“Oh I do like to be by the seaside …. and I do like to read a good book … and when you put the two together … it’s definitely worth having a look!”
OK, my poetry skills may need polishing but I can’t think of a better place to wallow in everything books, writing and storytelling. From the first tiny audience of 80 people in 2015, the Margate Bookie Festival has grown to 5,000 a year. In 2022, The Margate Bookie Festival will be running from 2nd June to 5th June with a bumper programme of workshops, book launches, author readings, live performances, poetry recitals…. all by the sea! I caught up with CEO & Founder Andreas Loizou to find out more…Hi Andreas!
Hi! I’m Andreas, and I started the Margate Bookie in a single room in a warehouse in 2015. The Bookie’s grown in ways that I never imagined. We now host a four-day day litfest at different venues in Margate, including the iconic Turner Contemporary gallery. Audiences are bigger, more people want to get involved, and I no longer have to explain where Margate is.
What was the inspiration behind the setting up of the Margate Bookie Festival?
I wanted the events that didn’t exist when I was a bookish youngster growing up in the town. It was fun from very the first moment. Everyone told me I had to continue. So I did!
Margate is heaven for writers. Big skies, lots of cafes and bars, long strolls along the huge beaches. We’re lucky that so many want to come down to Margate to talk about their work.
What are going to be the main attractions of the 2022 Margate Bookie?
It’s a big festival this year. Really big. The line-up includes Maggie Gee, Dr Radha Modgil, Daisy Buchanan, Lauren Bravo, Rosie Wilby, Jude Cook and Felicity Hayward. I’m knocked out that Monique Roffey, who won the Costa Book of the Year, is joining us. And we’ve got children’s events, a poetry slam, the launch of our zine, hip hop and workshops. And it all finishes with a special live reading of TS Eliot’s The Waste Land directed by Richard Skinner, who heads up the Faber & Faber Novel Writing Academy.
You are going to be launching your own new book “The Story Is Everything” at the Margate Bookie this year – an enjoyable experience I’m sure it will be – do you get nervous at book launches? What do you think is so special about launching a new book at a book festival?
I split the world into two types of party people – you’re either a host or a guest. I’ve held a party every year since I was eight, so I don’t really suffer from party fears.
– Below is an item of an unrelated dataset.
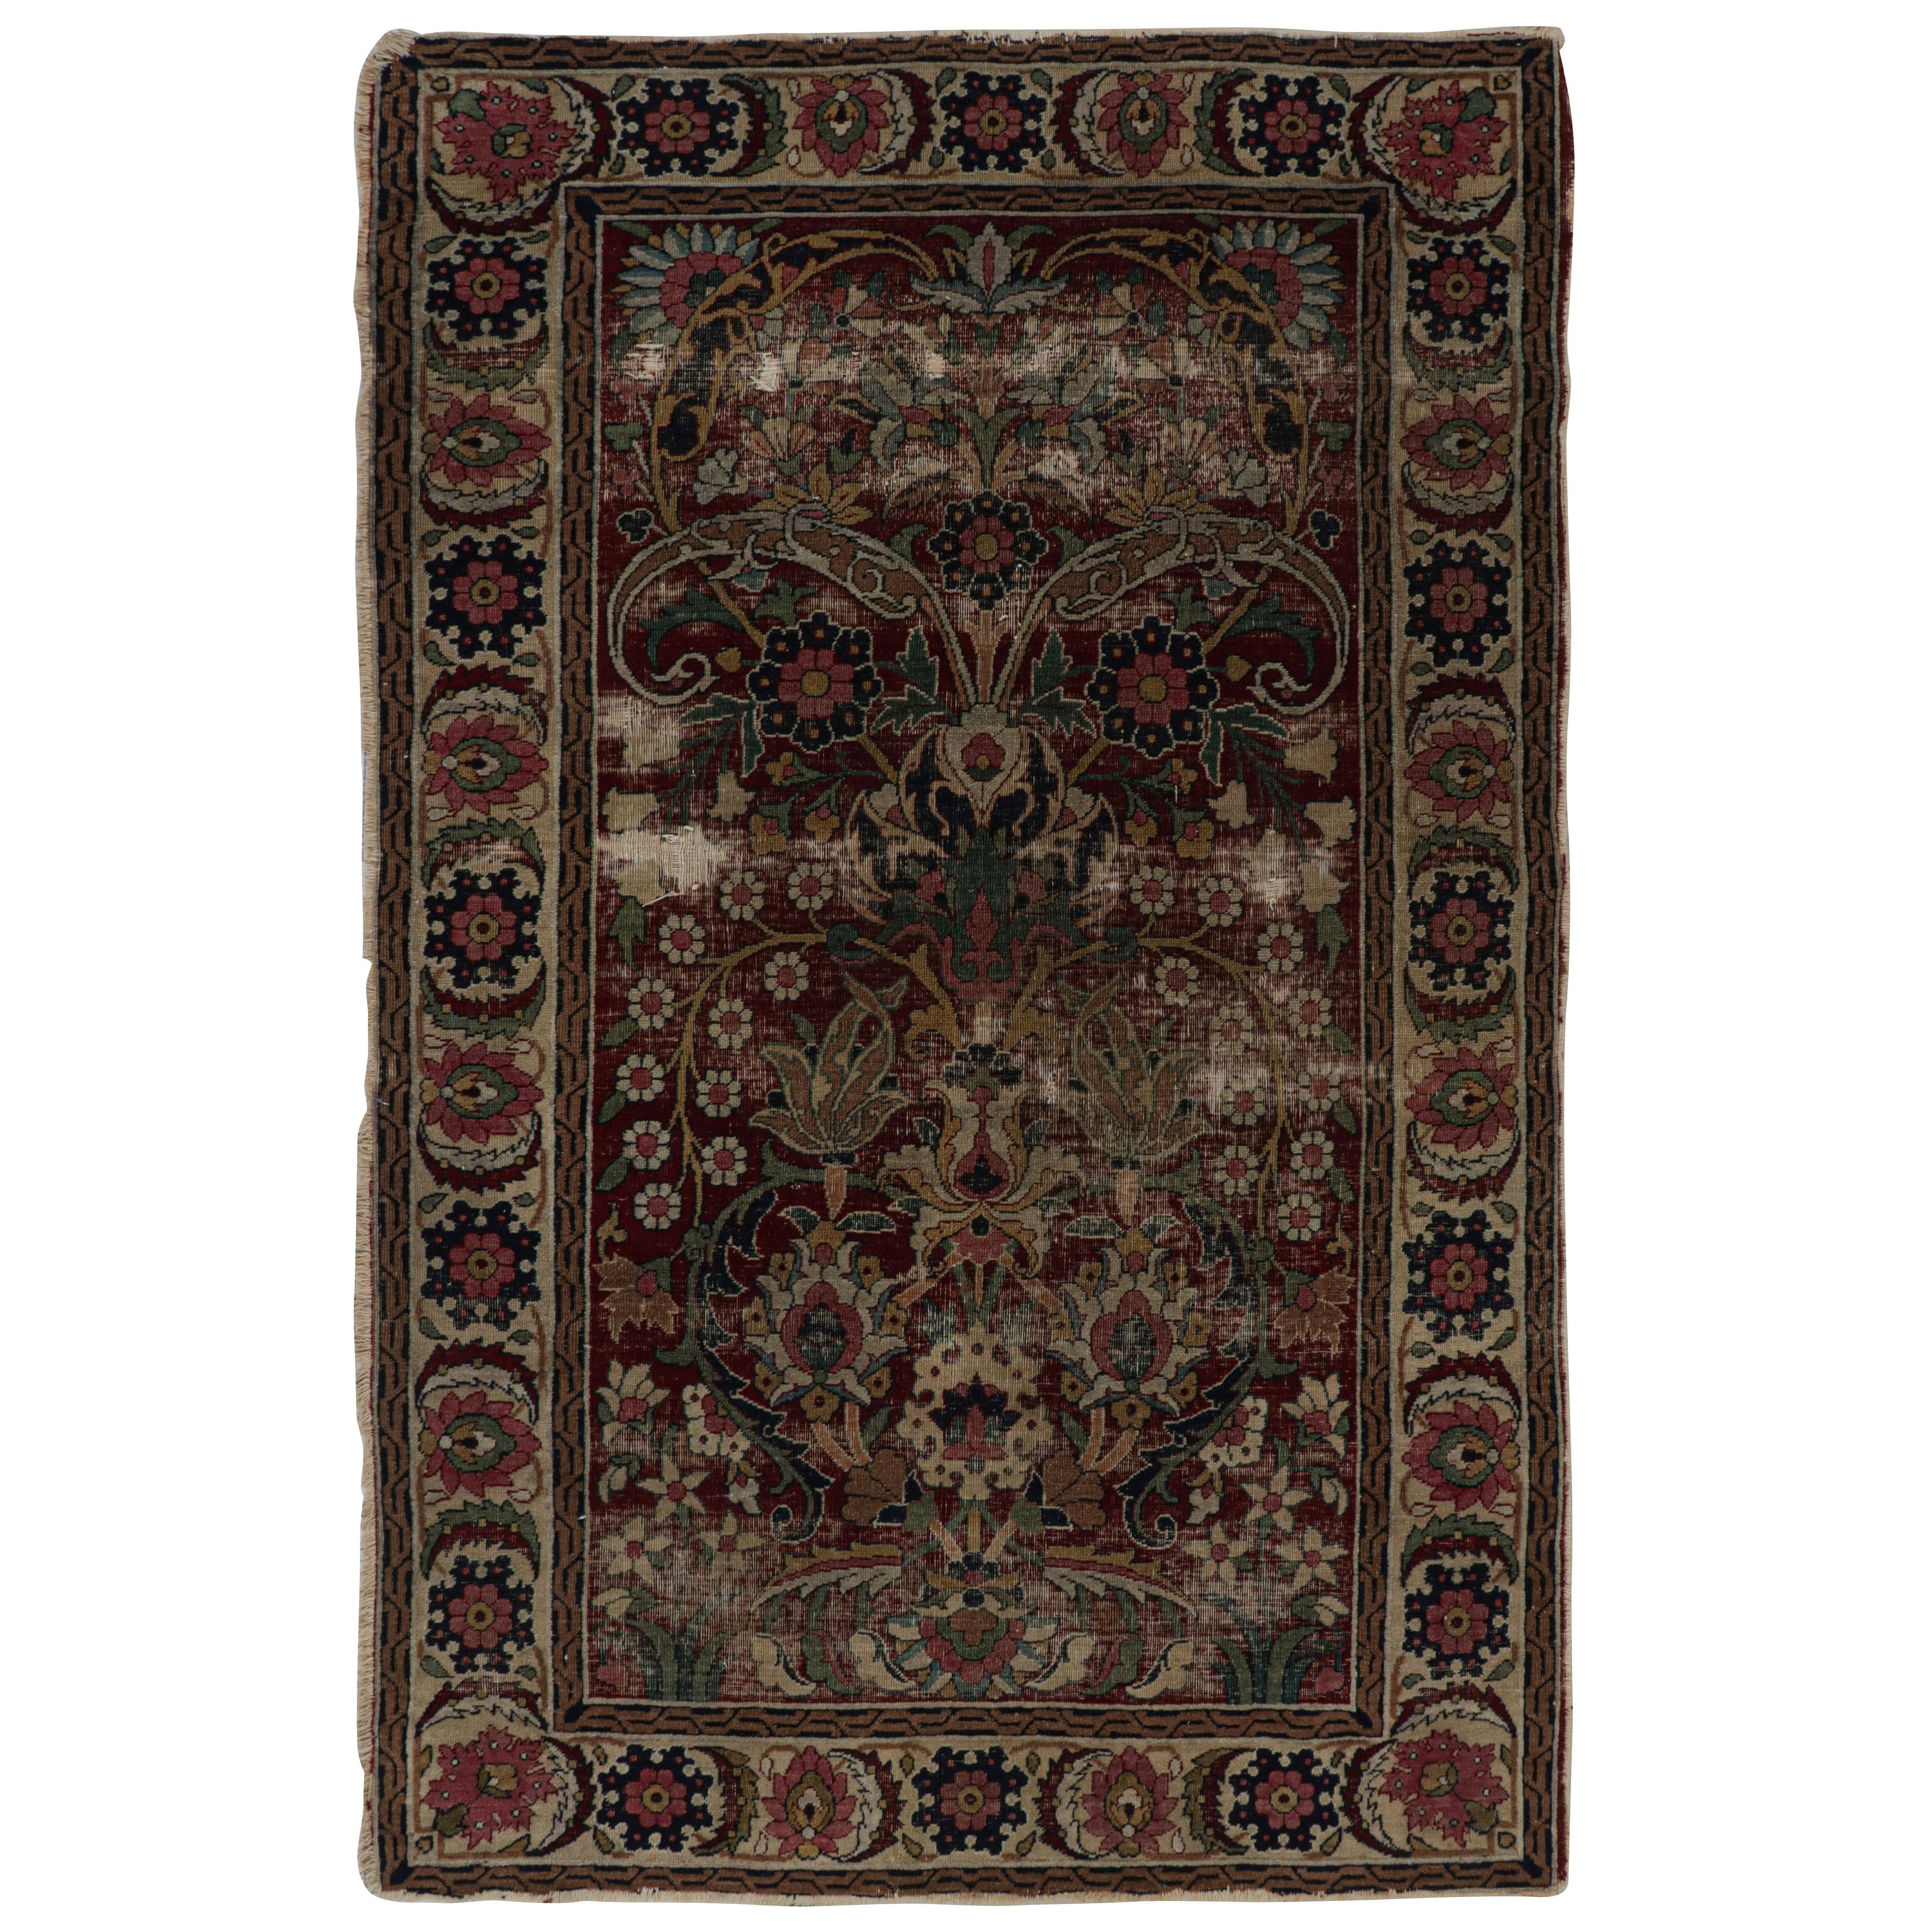 Antiker persischer Khorassan Teppich in Burgund mit floralen Mustern, von Rug & Kilim

Writing a book is a big commitment. The Story is Everything took a year to write and a year to revise and edit. It’s good to mark its appearance in the wider world. There’s something magical about seeing your original ideas printed in a beautiful book. It’s a moment to celebrate, the time to crack open a bottle of champagne as she slides down the slipway…
Apart from being founder of the Margate Bookie and an author, you also teach business storytelling and writing skills at companies and universities around the world. What does that entail?
I’ve taught courses all over the world to many different types of people. NGO workers from Madagascar, bankers in Rome, security chiefs in the shadow of a heavily-guarded oil terminal jutting into the Thames. All of my lovely students want to influence how their readers think, feel and act. They want to feel confident and in control as they write, and proud of what they publish. They smart ones are very clear about what they want to avoid – dull, corporate and boring are all on the shit list!
Have you always wanted a career in the world of literature or did you have other aspirations?
I’ve always wanted to do too many things. I like to be challenged and to learn. I’ve still got a lot more books to write.
What advice would you give to anybody thinking of starting a career in writing?
The more you imagine a single reader, the more your writing connects with many different people.
When I prepare my work, I always visualise the same listener, Clare, sitting in the chair opposite me. She’s a smart person, but not an expert in my subject. She has high standards when it comes to grammar, logic and presentation, but she’s also supportive and forgives my mistakes. If I keep Clare in her chair just through my words, I know I’m on the right track.
Think more about the writing than the career.
Personal now, what outfits/footwear would you normally wear at the Margate Bookie? Any “lucky socks”??
The Bookie is normally held during warm months, so there’s no chance for me to wear my lucky writing cardigan. Looking through the photos of the last seven years, it’s clear that red Campers and old Paul Smith workshirts have been staples.
Boots Or Shoes?
Got to be shoes. I cover a lot of ground during the litfest!